Cullen grew up working at his mother’s and grandmother’s stands. He only went to school through age 13, then began working at an auto dealership. Eventually, he became manager. After years of working with other dealers in the region, he purchased Renault from the Waterford Crystal group — for only 1 euro. But that price also came with a crippling 18-million euro debt. (The euro, by the way, is approx. $1.40 USD — more or less.)
After some difficult years, his Renault business, now known as the Glencullen Group, improved, and Cullen began expanding into other areas. He was heavily involved in raising money for various charitable causes, but never forgot his humble roots.
A sequel, Golden Apples: Six Simple Steps to Success (for which he won a Guinness World’s Record for signing 1849 copies in 10 1/2 hours), gives some of Cullen’s favorite maxims, including:
Sleep less. (He argues for 4-5 hours a night.)
Eat healthy. (The Cullens’ diet of mostly vegetables and fruit, augmented by a little fish, rarely other meat, was poverty-based, but kept the family well, Bill says.)
Exercise every day. (Walking, strength training, etc.)
Maintain a positive –and professional –attitude. (‘If your customer doesn’t have a smile, give him one of yours,’ Bill’s grandmother was fond of saying.)
1. Being poor is nothing to be ashamed of. Cullen’s father, Billy (or “The Da”) spent years in the military, and was one of the street wardens during WWII. Billy was strong, had a reputation for honesty and was a ‘Pioneer,’ or teetotaller. However, he had difficulty finding steady work that paid well, forcing Bill’s mother, Mary Darcy (“The Ma”), and her mother, Molly, to help out by selling fruits, vegetables and occasional fish on street markets.
2. Being slovenly, lazy and drunk is. Both Billy’s and Mary’s families drank; some were alcoholics. The Cullens lived in slum tenements for years, with smelly hallways and molding walls.
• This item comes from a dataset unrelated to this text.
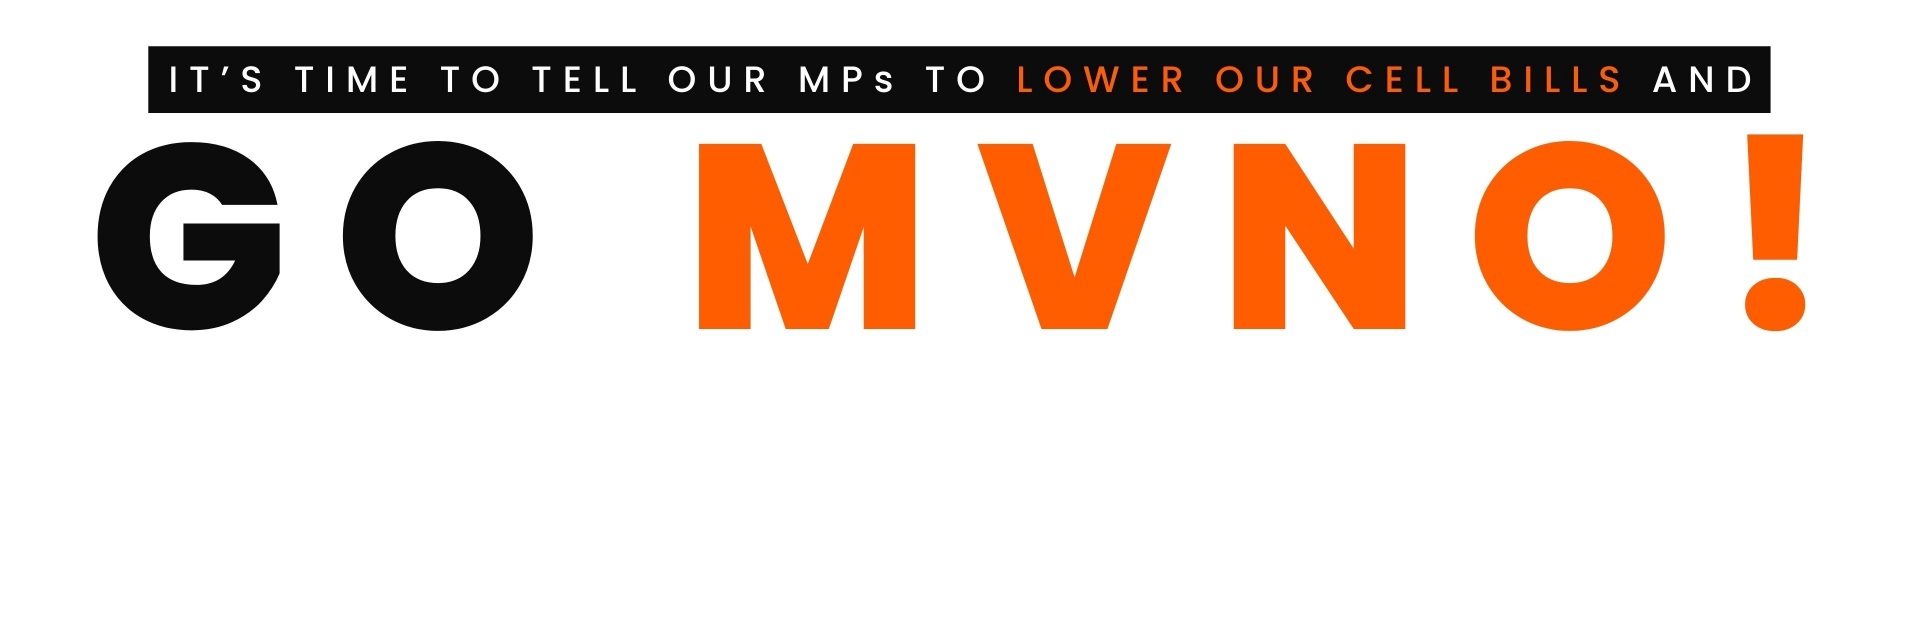 Tell the gov: For low cell phone prices, go MVNO!

It took at least a decade before they were able to move to better housing, and longer than that before Mary and Billy could afford their own house. Nonetheless, Mary scrubbed and cleaned regularly, and the family washed every day. (Contrast this with the alcoholic squalor Frank McCourt talks about in his Liverpool memoir, Angela’s Ashes.)
3. Families do best when they work together. Bill (known as ‘Liam’ when younger) was the fifth of fourteen children. Not only did he help his mother and grandmother sell fruit at their stands, but he acted as a messenger to buy and restock inventory, as well as expand into other areas. He also started several new businesses to make a pound or two, including buying clearance dolls and revamping them to look like Dorothy from the Wizard of Oz, or Marilyn Monroe. (They sold like crazy.)
While Molly was working, her daughters cooked supper and watched the younger children — or helped out at the stands, as well. Billy would also help out when needed. And everyone took an active part during the Christmas season, when Molly and Mary added more stands to sell gifts and Christmas decorations to customers near the bus stations.